Однако же в наших действиях и созерцаниях всегда должен быть акцент. В мироощущении этого типа акцент в общем и целом сделан на эстетику, на красоту как силу с бесконечным дном.39 Толстой как никто дал иную обрисовку облика Вселенной. Ничуть не отрицая всей мощи чувственно-эстетических энергий мироздания, он тем не менее, освободившись от оков и чар эстетики, в которую мы, как в морок, все погружаемся с рождения, открылся видению того основания, на котором клокочет, паразитируя в декадансных ароматах и цветных туманах, эстетика. И это основание духа Толстой почуял (посредством открывшегося ему нового слуха) как творчество совсем иного плана, уже не могущего быть овеществленным в предметах, пусть даже самых прекрасных с точки зрения принятого в обществе вкуса. Более того, Толстой уловил один из законов этого более глубокого и тонкого измерения универсума: «Чем больше мы отдаемся красоте, тем сильнее удаляемся от добра».

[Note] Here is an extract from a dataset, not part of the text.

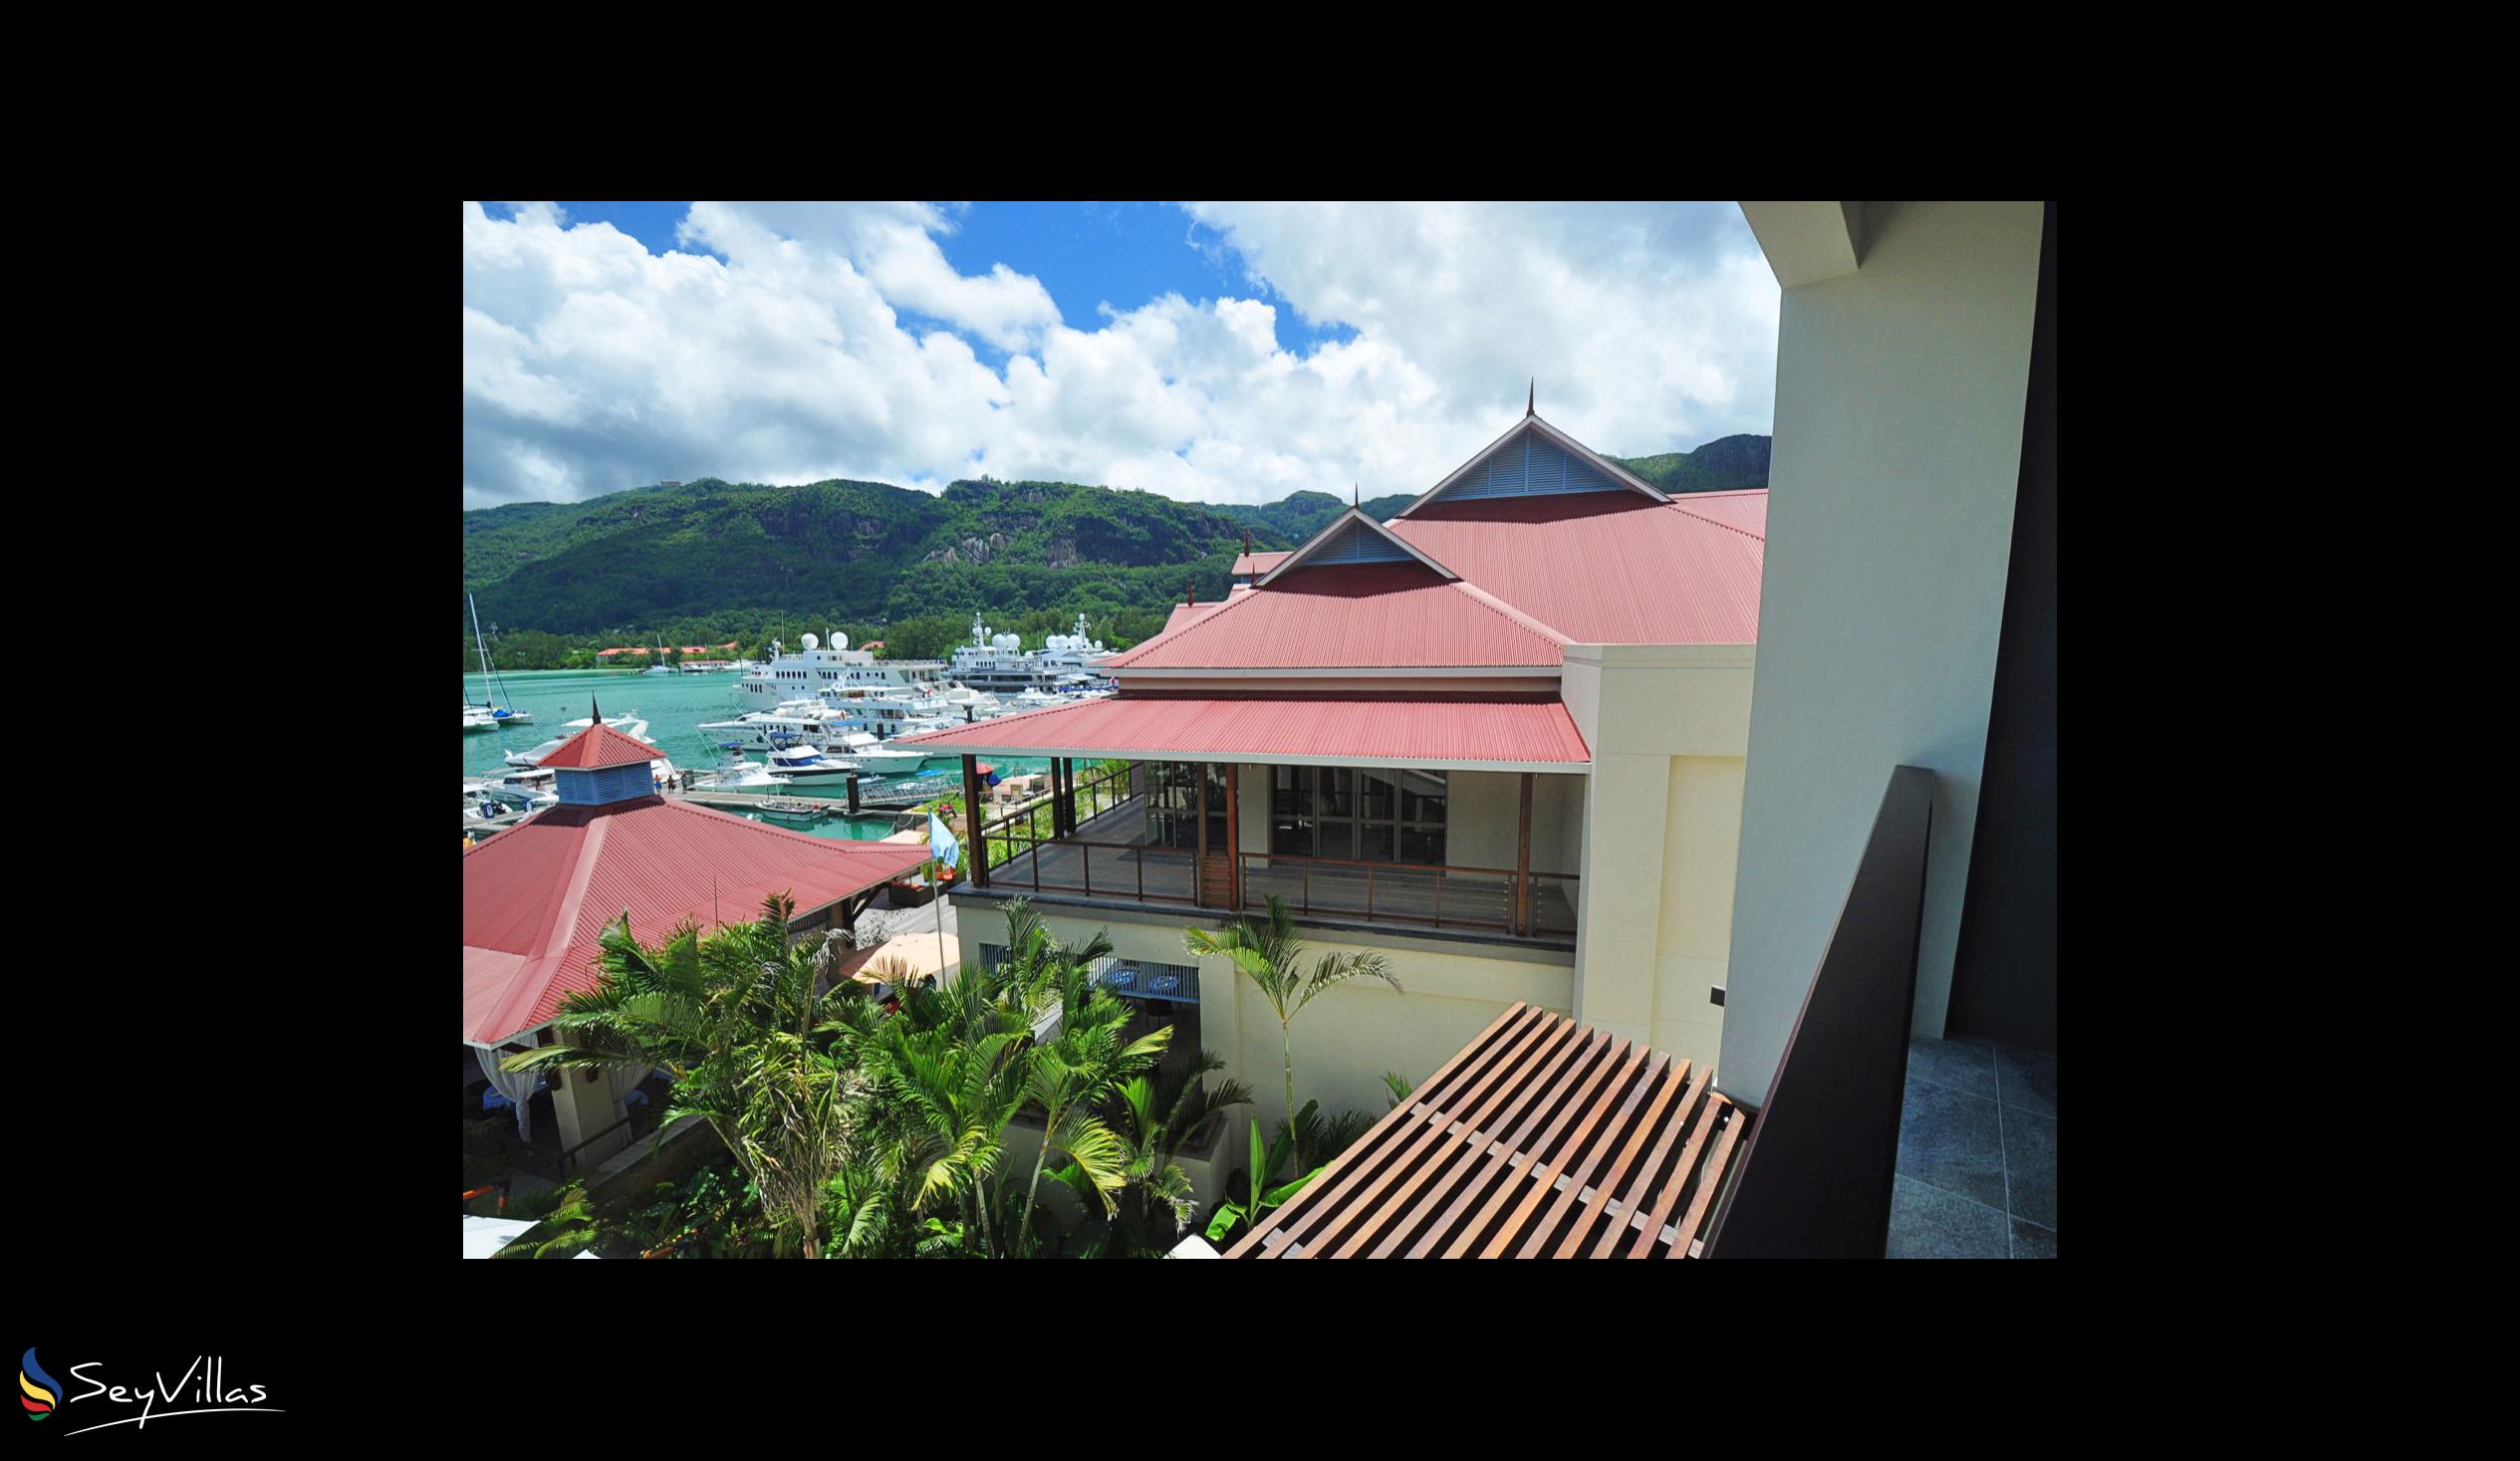 Photo 57: Eden Bleu Hotel - Outdoor area - Mahé (Seychelles)

Конечно, схема, которую я нарисовал, достаточно грубая. Во-первых, Рильке никогда даже и близко не был адептом теории «эстетика – мать этики», и кристалл стихотворения выражал для него отнюдь не идею блеска алмазов и бриллиантов, скорее уж свидетельствовал о космогоническом отшельничестве души. Во-вторых, в целом его развитие шло, как мы знаем, в направлении от «православно-языческого францисканства» (если возможен такой замес) к «ангелической» Открытости полносоставному бытийству, что бы оно человеку ни несло, хотя бы и гибель. В третьих, зрелый Рильке ощущал космос как душевно-духовную монаду, таинственным образом обращающуюся к нашему высшему этическому сознанию посредством аналогичного измерения в нашей индивидуальной душе. И когда он пишет:

Звезда с цветком – тихи́ – с нас не спускают глаз.
И кажется порой, что мы для них – экзамен.
Но чувствуем: они экзаменуют нас, —

то совершенно ясно, что этот экзамен не так уж сильно отличается от того экзамена, которому подвергал себя Толстой. И в-четвертых, поздний Рильке всё скептичнее смотрел на поэзию как на всецело художественный продукт, отвлеченный от душевного созревания того, в ком он зреет. Посредством поэзии, понимаемой как восприятие, в поэте созревает нечто более важное и сущностное, и, подобно строительным лесам, стихи могут быть и не демонстрируемы, ежели они действительно выполнили свою “невидимую” работу в четвертом измерении внутреннего космоса (Weltinnenraum`а).

В сущности, у Рильке с Толстым немало общего в понимании религиозного пути. Если для Рильке Бог – не предмет, уже заранее готовый, не объект культа, но направление твоего внутреннего пути, то и Толстой понимал религиозное состояние как внутреннее царство, которое мы заслуживаем упорной каждодневной работой по созиданию Божьего царства в себе. «Любовь к Богу, – писал Толстой, – <есть> направление, а выражение его внешнее есть любовь к ближнему». Или: «Сойтись по-настоящему могут люди только в Боге. Для того чтобы людям сойтись, им не нужно идти навстречу друг другу, а нужно всем идти к Богу…»

Толстой всегда ставил перед собой предельные для своих сил цели и задачи, доходя до тех или иных пограничных в себе ситуаций. Рильке тоже чувствовал магию предельности. В речи перед шведами в Фуруборге в ноябре 1904 года: «Здесь (в России. – Н.Б.) я постиг, что свою жизнь надо проживать с максимальной широтой, – и притом вглубь, не завися от требований дня текущего. И что нельзя заниматься тем, что вблизи, если чувствуешь в себе влечение к тому, что находится чуть дальше или совсем-совсем далеко. И что дозволено уходить в мечтанья в то время, когда кто-то кого-то спасает, если эти твои грезы являются более реальными, чем сама реальность, и нужнее, чем хлеб насущный. Одним словом, в России я постиг, что критерием жизни должна стать предельная возможность из всех, какие носишь в себе. Ибо наша жизнь велика, и грядущего в нее может войти ровно столько, сколько мы способны вместить. И пространство искусства – лишь в жизни, которую мы раздвигаем до бесконечности. <…> Я почувствовал, что человек, жаждущий быть творцом в искусстве, должен стать таким же терпеливым, серьезным и независимым от своего времени, как эти русские люди. Что он должен так же, как они, тихо, кротко и неуклонно двигаться к Великому, к Вечному».